**Guojing Wu** *| 2019-07-21*

<a href = "https://www.kaggle.com/alexisbcook/xgboost"> Kaggle: XGBoost </a>

# XGBoost - Decision Tree Ensembles

## parameter tuning

1) n_estimators, also know as the number of models.

2) early_stopping_rounds, early stop cause the model to stop running when validation score doesn't improve anymore. But since there are random chances when validation score doesn't improve, this para specify how many rounds of deterioration are allowed before stop. Come along with `eval_set` para.

3) learning_rate, multiple the prediciton of each model by a small number before adding them in. 

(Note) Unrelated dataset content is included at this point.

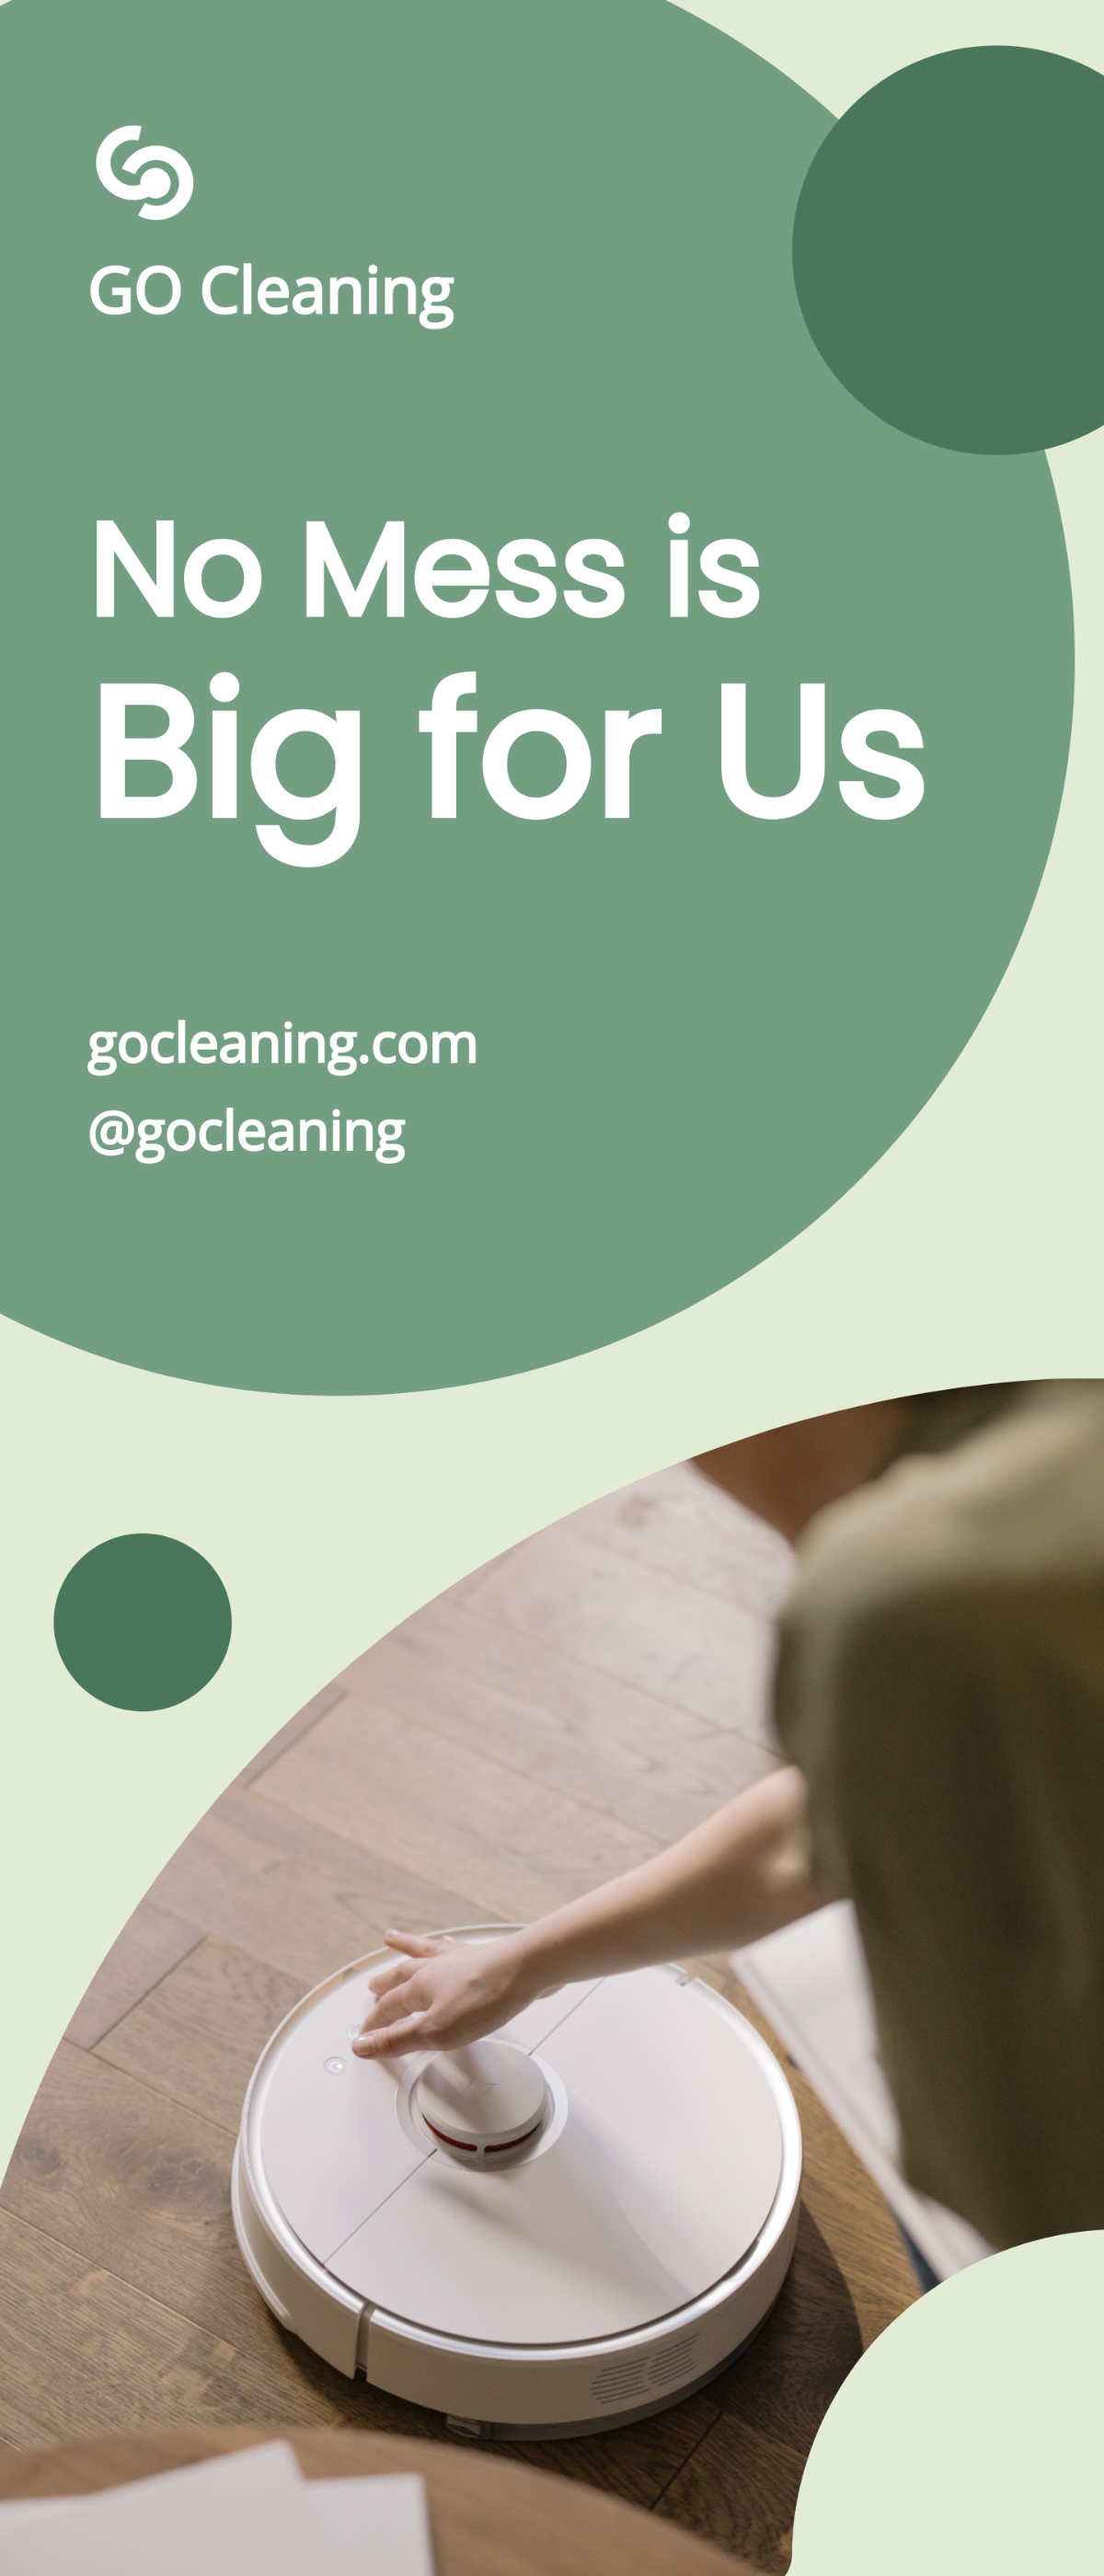 Modern Cleaning Services Roll-Up Banner Template

So in general, a small learning rate and big n_estimators would be good

## preparing the data

In [1]:
import pandas as pd
from sklearn.model_selection import train_test_split

# read data
X = pd.read_csv("train.csv", index_col='Id')
X_test_full = pd.read_csv("test.csv", index_col='Id')

In [2]:
# split as X and y
X.dropna(axis=0, subset=['SalePrice'], inplace=True)
y = X.SalePrice
X.drop(axis=0, columns=['SalePrice'], inplace=True)
X_train_full, X_val_full, y_train, y_val = train_test_split(X, y, train_size=0.8, test_size=0.2, 
                                                                      random_state=0)

In [3]:
# only choose the numercial column and low cardinality categorical column
low_cardinality_col = [cname for cname in X_train_full.columns if X_train_full[cname].nunique() < 10
                      and X_train_full[cname].dtype == 'object']
numerical_col = [cname for cname in X_train_full.columns if X_train_full[cname].dtype in ['int64', 'float64']]
my_col = low_cardinality_col + numerical_col

# make a harder copy
X_train = X_train_full[my_col].copy()
X_val = X_val_full[my_col].copy()
X_test = X_test_full[my_col].copy()

# one-hot encode, and also use align() to make sure only the dummies in train exist
X_train = pd.get_dummies(X_train)
X_val = pd.get_dummies(X_val)
X_test = pd.get_dummies(X_test)
X_train, X_val = X_train.align(X_val, axis=1, join='left')
X_train, X_test = X_train.align(X_test, axis=1, join='left')

In [4]:
# start XBGoost
from xgboost import XGBRegressor
from sklearn.metrics import mean_absolute_error

In [None]:
my_model_1 = XGBRegressor(random_state=0)
my_model_1.fit(X_train, y_train)
prediction_1 = my_model_1.predict(X_val)
mae_1 = mean_absolute_error(prediction_1, y_val)
print("MAE for model 1:", mae_1)

In [None]:
# improve the model
my_model_2 = XGBRegressor(random_state=0, n_estimators=1000, learning_rate=0.1)
my_model_2.fit(X_train, y_train)
prediction_2 = my_model_2.predict(X_val)
mae_2 = mean_absolute_error(prediction_2, y_val)
print("MAE for model 2:", mae_2)

# turns out it did improve a little bit

In [None]:
# give a bad model
my_model_3 = XGBRegressor(random_state=0, n_estimators=1)
my_model_3.fit(X_train, y_train)
prediction_3 = my_model_3.predict(X_val)
mae_3 = mean_absolute_error(prediction_3, y_val)
print("MAE for model 3:", mae_3)